| What you have to do |
Beginning with the line that contains "A 19th century", return every line down to the last one in the material below, exactly and with no others.

| Supplied records |

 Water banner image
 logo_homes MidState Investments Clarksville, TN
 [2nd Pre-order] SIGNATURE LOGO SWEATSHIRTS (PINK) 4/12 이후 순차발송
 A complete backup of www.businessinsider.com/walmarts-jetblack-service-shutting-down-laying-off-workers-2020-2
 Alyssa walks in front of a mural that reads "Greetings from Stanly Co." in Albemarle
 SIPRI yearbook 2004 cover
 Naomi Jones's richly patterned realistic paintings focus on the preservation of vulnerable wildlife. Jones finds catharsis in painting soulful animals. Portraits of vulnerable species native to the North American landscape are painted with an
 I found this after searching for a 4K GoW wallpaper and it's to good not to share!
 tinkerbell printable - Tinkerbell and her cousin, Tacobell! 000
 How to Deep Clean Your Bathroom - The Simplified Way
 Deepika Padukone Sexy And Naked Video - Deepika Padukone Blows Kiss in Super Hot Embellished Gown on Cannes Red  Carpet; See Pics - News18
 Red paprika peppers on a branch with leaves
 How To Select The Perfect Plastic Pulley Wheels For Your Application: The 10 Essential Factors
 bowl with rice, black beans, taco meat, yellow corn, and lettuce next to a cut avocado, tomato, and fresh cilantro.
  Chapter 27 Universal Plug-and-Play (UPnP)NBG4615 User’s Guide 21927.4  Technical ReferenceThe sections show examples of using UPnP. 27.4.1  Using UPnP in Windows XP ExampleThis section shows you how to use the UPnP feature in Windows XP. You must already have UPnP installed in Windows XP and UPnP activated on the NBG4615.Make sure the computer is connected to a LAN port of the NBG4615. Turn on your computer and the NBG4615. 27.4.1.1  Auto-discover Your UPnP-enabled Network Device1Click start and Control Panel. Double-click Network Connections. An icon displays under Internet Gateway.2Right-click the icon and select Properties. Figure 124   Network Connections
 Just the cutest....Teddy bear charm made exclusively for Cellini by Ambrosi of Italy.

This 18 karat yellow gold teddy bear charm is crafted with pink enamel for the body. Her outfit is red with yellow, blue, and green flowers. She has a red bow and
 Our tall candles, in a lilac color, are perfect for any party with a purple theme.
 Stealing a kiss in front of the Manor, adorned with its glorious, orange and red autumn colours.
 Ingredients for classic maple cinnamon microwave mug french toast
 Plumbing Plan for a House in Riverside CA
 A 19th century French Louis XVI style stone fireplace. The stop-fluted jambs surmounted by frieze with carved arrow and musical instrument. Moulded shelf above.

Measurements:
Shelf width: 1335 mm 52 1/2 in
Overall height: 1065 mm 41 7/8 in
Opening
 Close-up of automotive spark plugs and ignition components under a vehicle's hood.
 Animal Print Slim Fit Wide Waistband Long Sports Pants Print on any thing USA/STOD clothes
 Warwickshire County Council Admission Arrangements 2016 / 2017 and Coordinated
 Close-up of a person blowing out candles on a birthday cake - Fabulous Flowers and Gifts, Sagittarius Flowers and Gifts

| Task output |
 A 19th century French Louis XVI style stone fireplace. The stop-fluted jambs surmounted by frieze with carved arrow and musical instrument. Moulded shelf above.

Measurements:
Shelf width: 1335 mm 52 1/2 in
Overall height: 1065 mm 41 7/8 in
Opening
 Close-up of automotive spark plugs and ignition components under a vehicle's hood.
 Animal Print Slim Fit Wide Waistband Long Sports Pants Print on any thing USA/STOD clothes
 Warwickshire County Council Admission Arrangements 2016 / 2017 and Coordinated
 Close-up of a person blowing out candles on a birthday cake - Fabulous Flowers and Gifts, Sagittarius Flowers and Gifts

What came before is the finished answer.